This indecisive battle took place on 4 October 1710, during the Great Northern War, in Køge Bay, just south of Copenhagen. Denmark had 26 ships of the line and 5 frigates with 1808 guns, and Sweden had 21 ships of the line and several frigates with 1512 guns. The Danish ship Dannebroge exploded and of the 550-man crew only 9 survived. The Swedish ships Tre Kronor and Prinsessan Ulrika Eleonora ran aground. Because of the weather the battle could not continue. However, the Swedish fleet managed to sink and capture a Danish convoy of transport ships that were supposed to embark a Russian invasion force in Danzig.
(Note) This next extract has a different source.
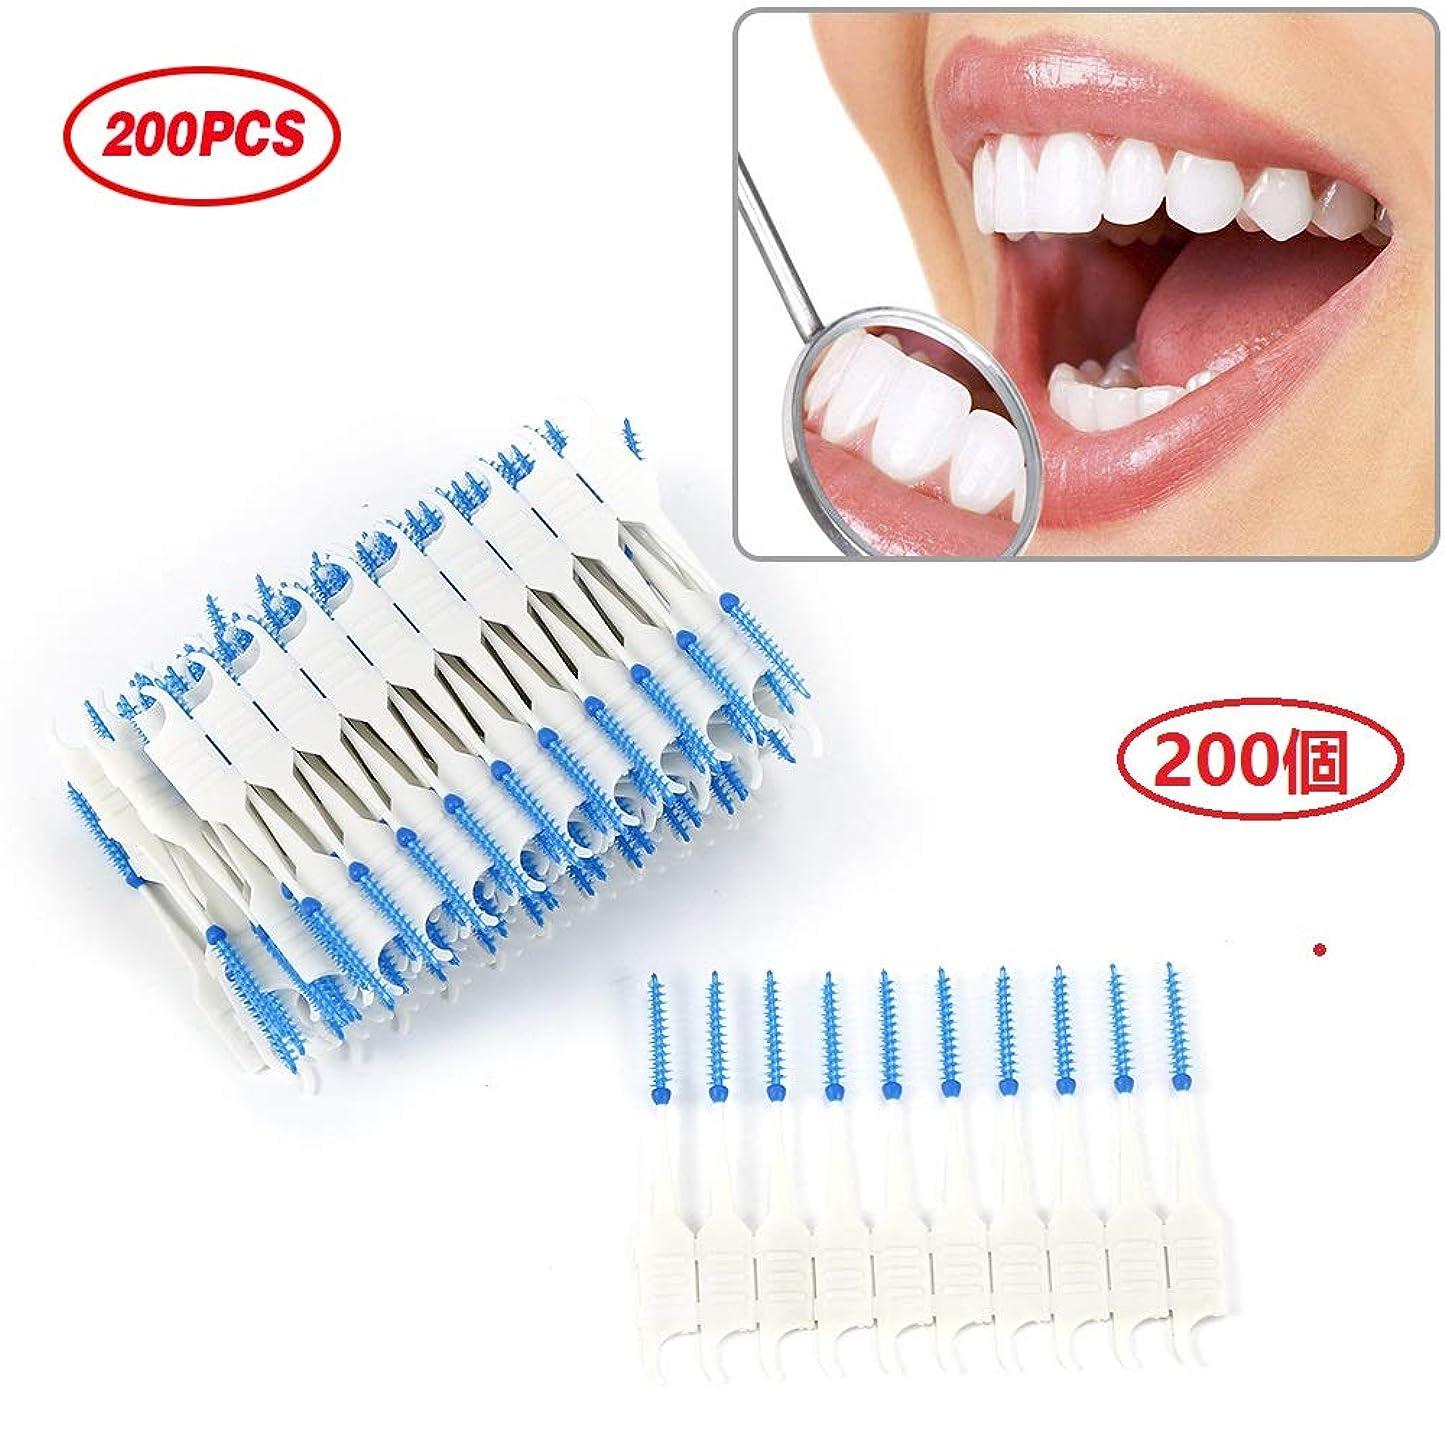 手のひら犯す持参200ピース歯のクリーニングオーラルケア歯フロス口腔衛生デンタルフロスソフト歯間二重つまようじ健康ツール 200 Pcs Teeth Cleaning Oral Care Tooth Floss Hygiene Dental Floss Soft Interdental Dual Toothpick
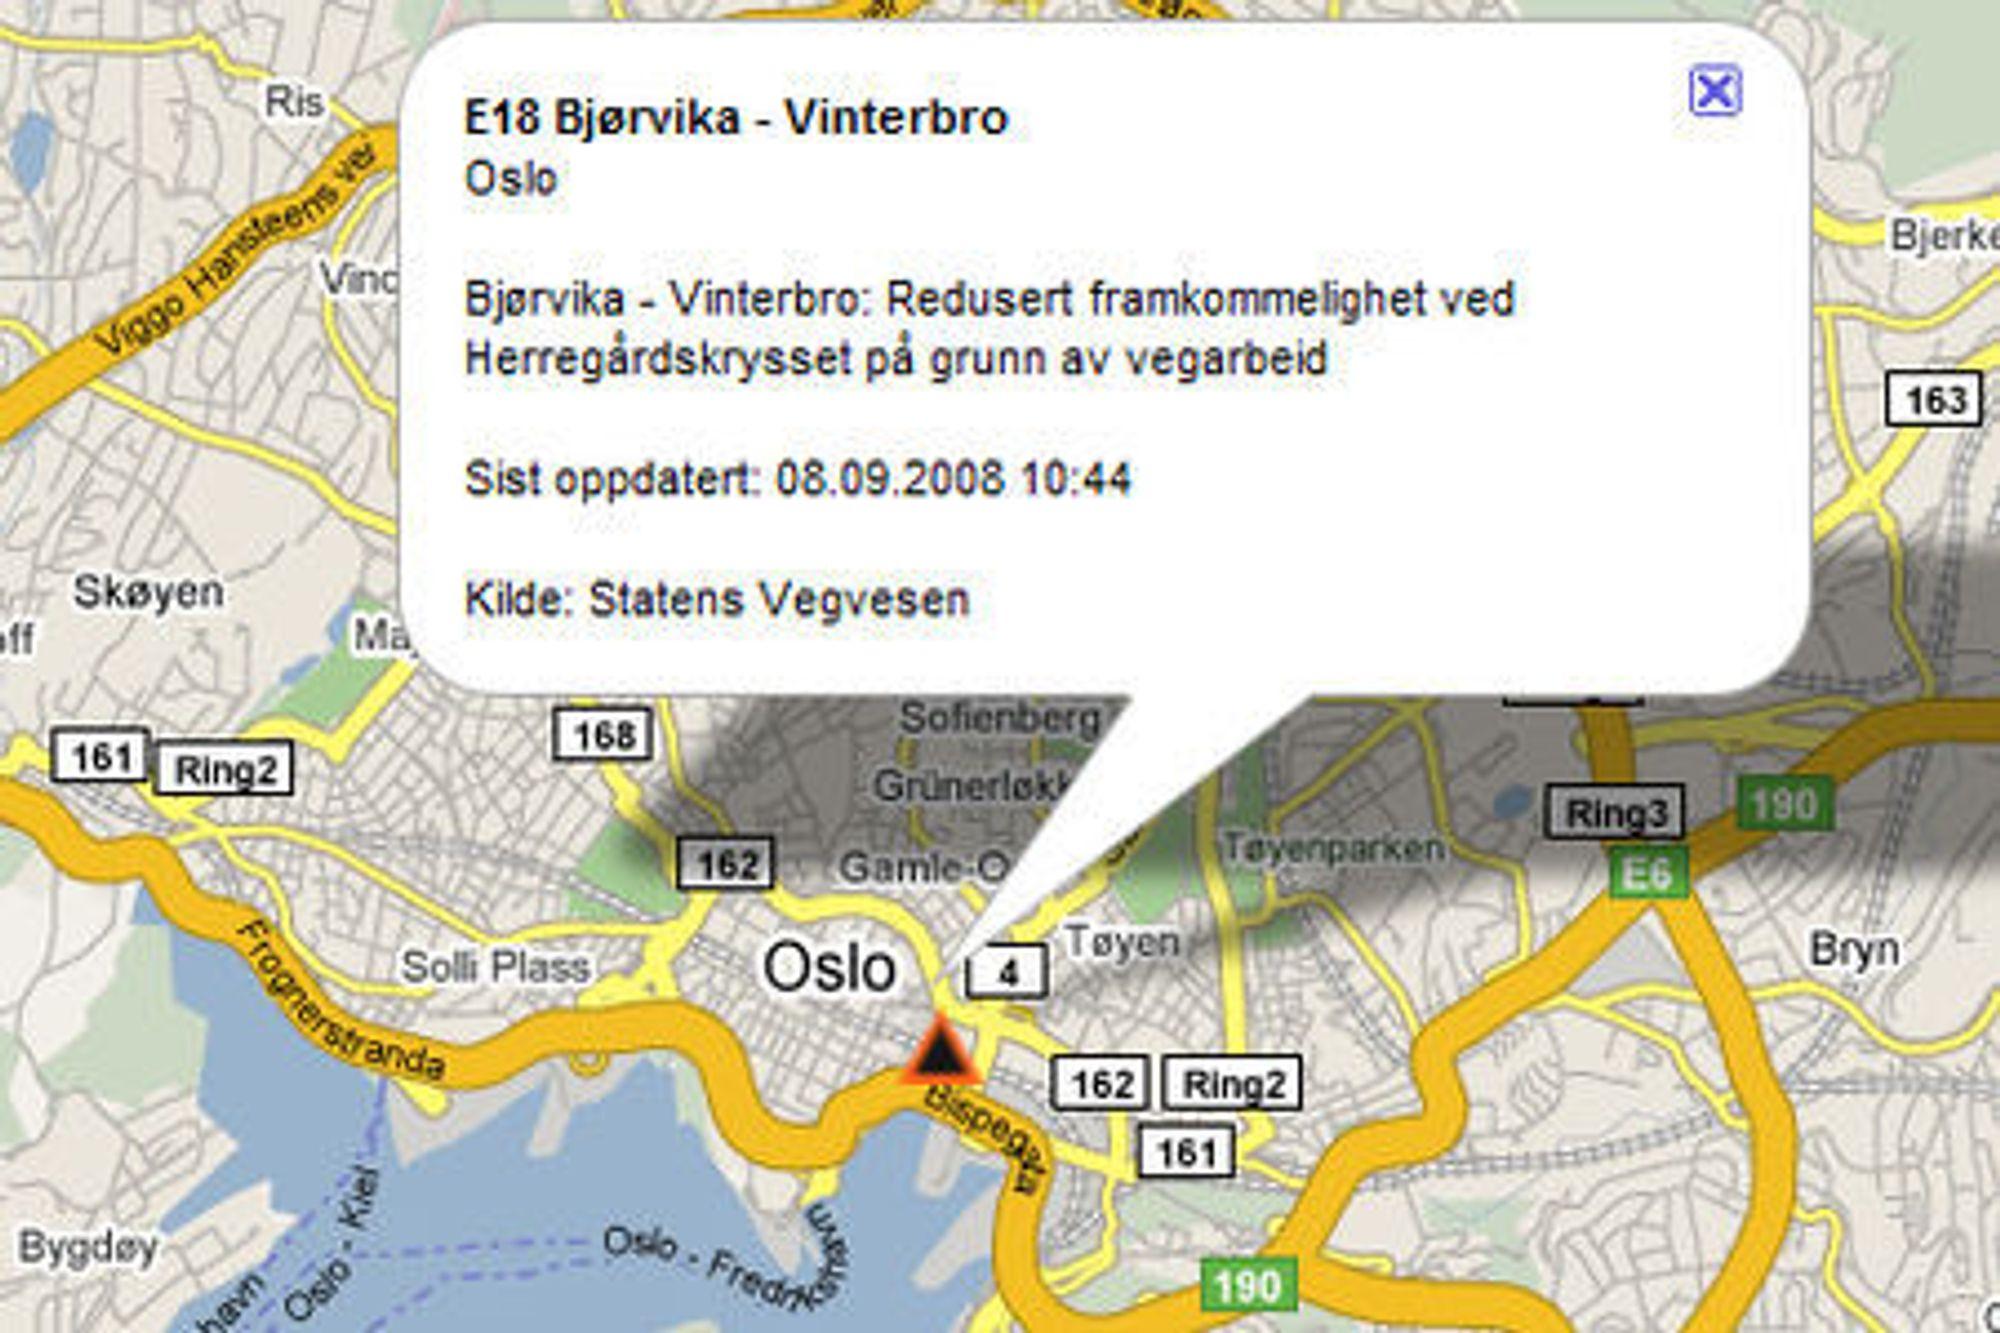 P4 tilbyr trafikkmeldinger med stedsanvisning som er integrert med kart fra Google. Denne uken vil de begynne å dele ut dataene fritt til alle. (Skjermbilde: trafikkflyt.no)

The action in Køge Bugt checked those Russian invasion plans of Sweden.

Ships involved

Denmark (Gyldenløve)
Elephant 90 (flag)
Fredericus IV 110
Christianus V 100
Dannebroge 94 - Blew up
Justitia 90
Norske Løve 84
Mars 80
Tre Løver 78
Prinds Christian 76
Sophia Hedvig 76
Wenden 72
Dronning Louisa 70
Haffru 70
Beskjermer 64
Ebenetzer 64
Charlotte Amalia 60
Svan 60
Anna Sophia 60
Fredericus III 56
Oldenborg 52
Sværdfisk 52
Tomler 52
Nelleblad 52
Fyen 50
Delmenhorst 50
Island 50

Sweden (Wachtmeister)
Göta Lejon 90 (flag)
Enigheten 94
Tre Kronor 86 - Aground, scuttled next day
Wenden 82
Sverige 82
Prinsessan Hedvig 80
Prinsessan Ulrika 80 - Aground, scuttled next day
Gota 76
Nordstjernan 76
Prins Carl 76
Prins Carl Fredrik 72
Småland 70
Karlskrona 70
Skåne 68
Bremen 64
Fredrika Amalia 62
Westmanland 62
Pommern 56
Södermanland 56
Wachtmeister 56
Werden 54
Several fireships - Burnt? 2 days later

Sources 
 Lars Ericson Wolke (2011), Sjöslag och Rysshärjningar s. 130-133
Tor Jørgen Melien (2010), Iver Huitfeldt og slaget i Køge bugt 1710, Bergen: John Grieg AS: C. Huitfeldt forlag
 Gunnar Unger (1923). Illustrerad Svensk Sjökrigshistoria omfattande tiden intill 1680–1814. Stockholm: Albert Bonniers Förlag
 Lars Ericson Wolke, Martin Hårdstedt (2009), Svenska sjöslag
 R.C. Anderson (1910), Naval Wars in the Baltic during the Sailing Ship Epoch 1522–1850. London: C. Gilbert-Wood
For Kongen og Flåten. Matros Trosners dagbok 1710-1714 (1 ed.). Bergen: Fagbokforlaget. 2017. The diary is published by Hans Christian Bjerg and Tor Jørgen Melien.